↓↓↓
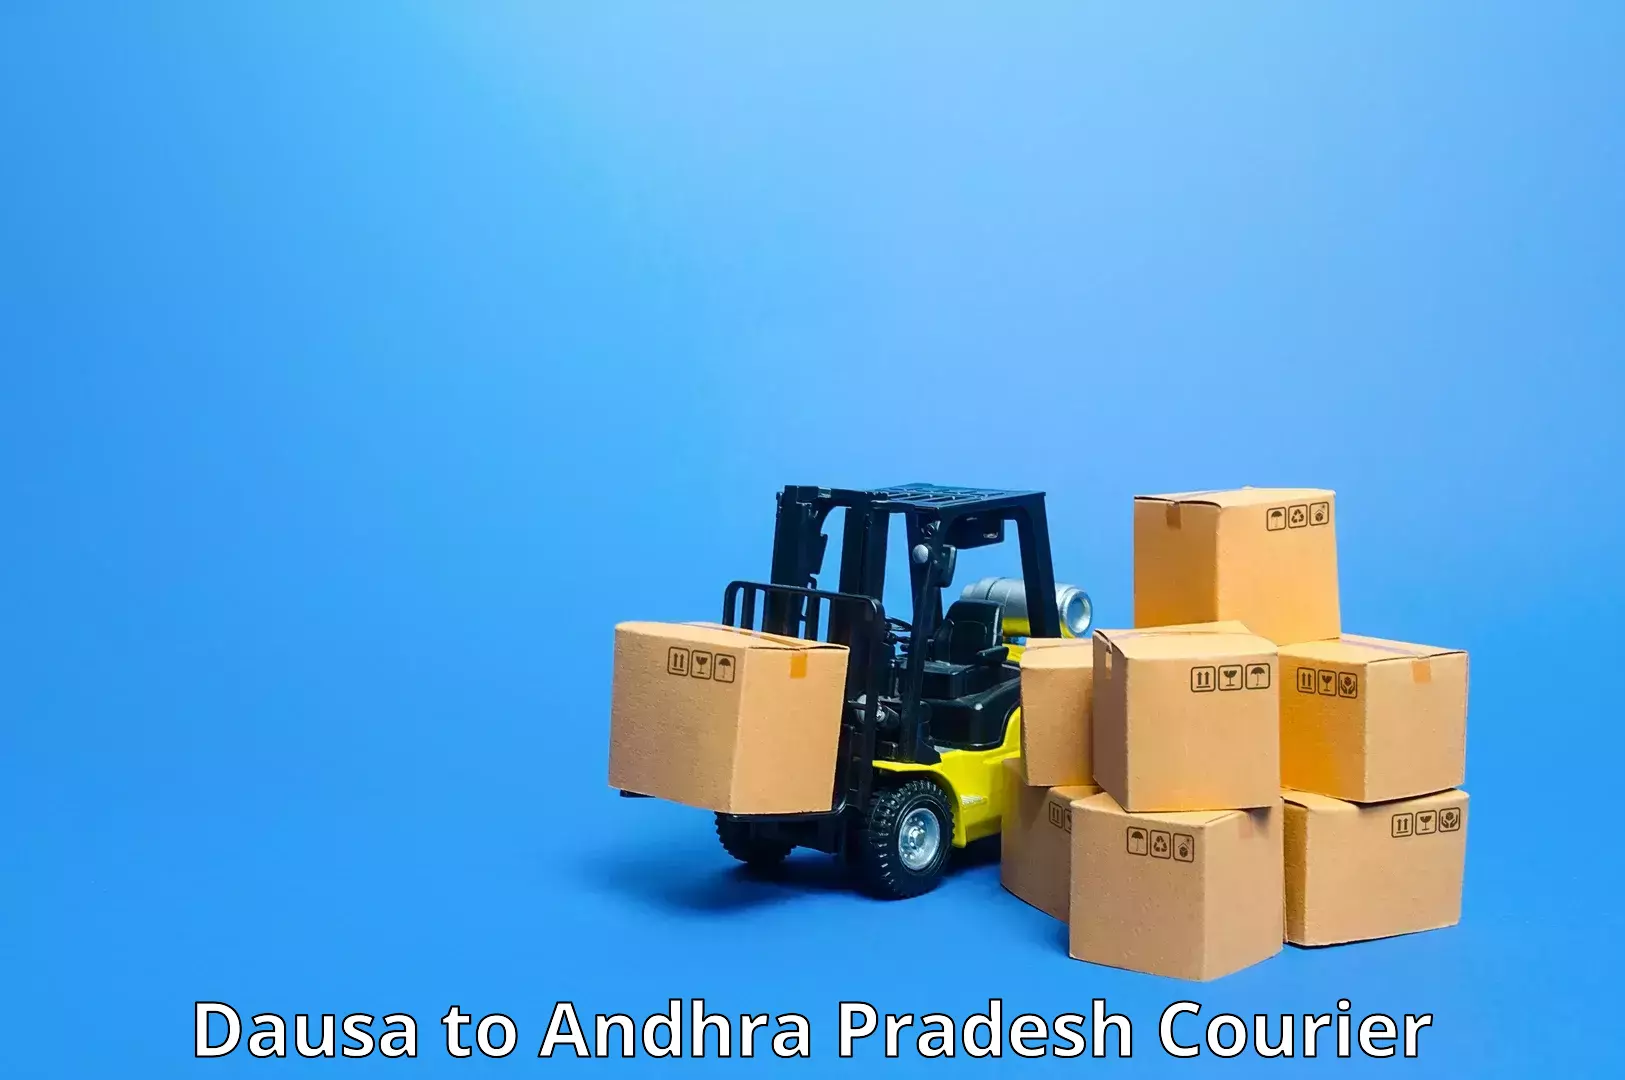 User-friendly delivery service Dausa to Andhra Pradesh
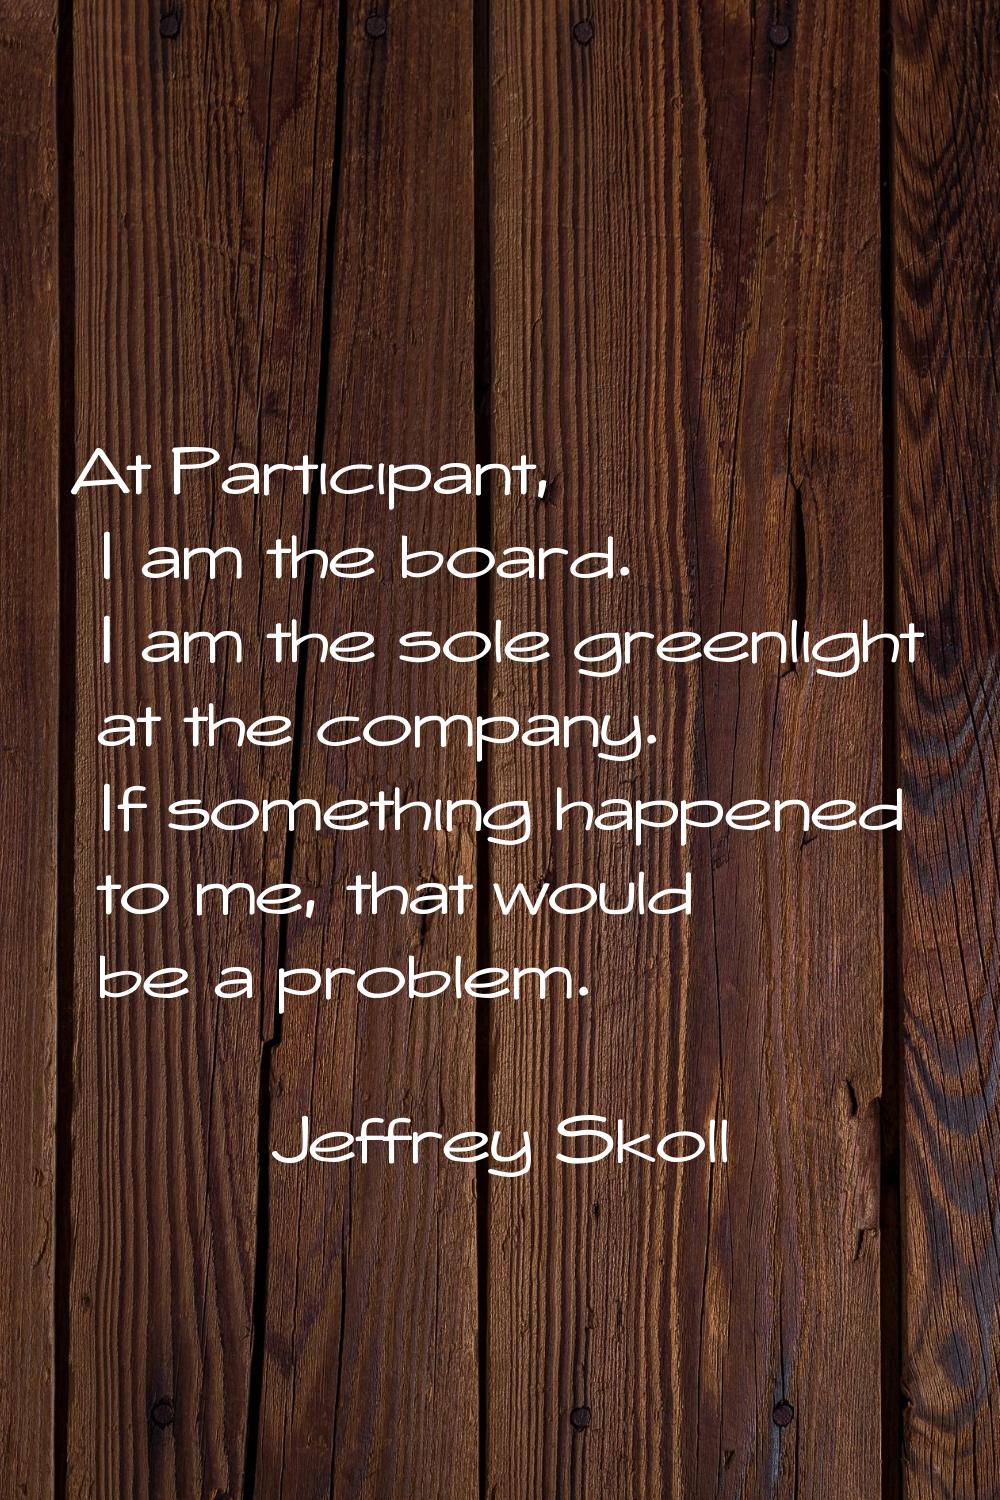 At Participant, I am the board. I am the sole greenlight at the company. If something happened to m
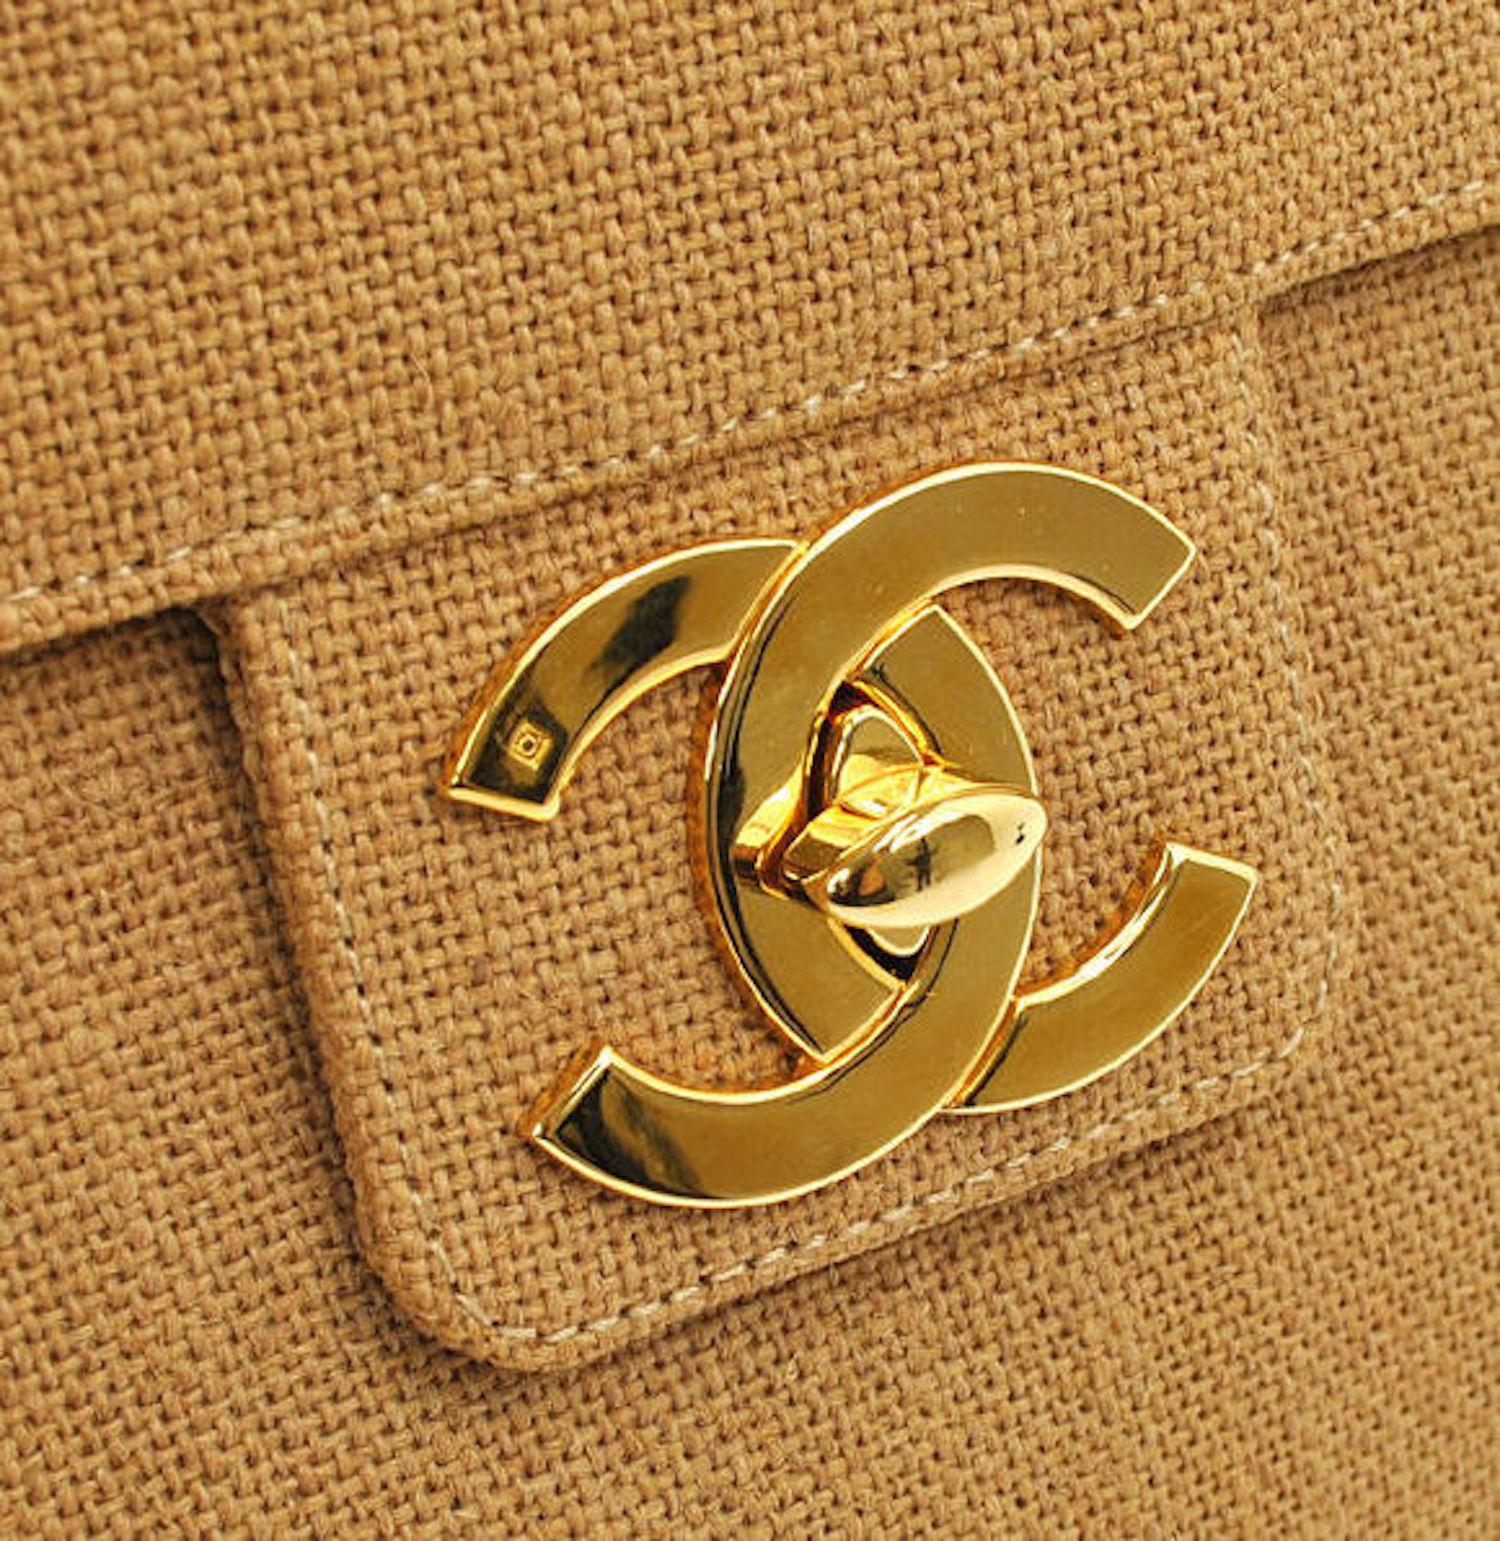 Chanel Vintage Cognac Tan Canvas Men's Women's Large Charm Top Handle Business Flap Bag

Canvas
Gold tone hardware
Leather lining
Date code present
Made in France
Handle drop 2
↑↑↑
### [Aim of the task]
The copy should match each line above exactly and contain no images.

### [Reply to the task]
 User-friendly delivery service Dausa to Andhra Pradesh
 At Participant, I am the board. I am the sole greenlight at the company. If something happened to m
 Chanel Vintage Cognac Tan Canvas Men's Women's Large Charm Top Handle Business Flap Bag

Canvas
Gold tone hardware
Leather lining
Date code present
Made in France
Handle drop 2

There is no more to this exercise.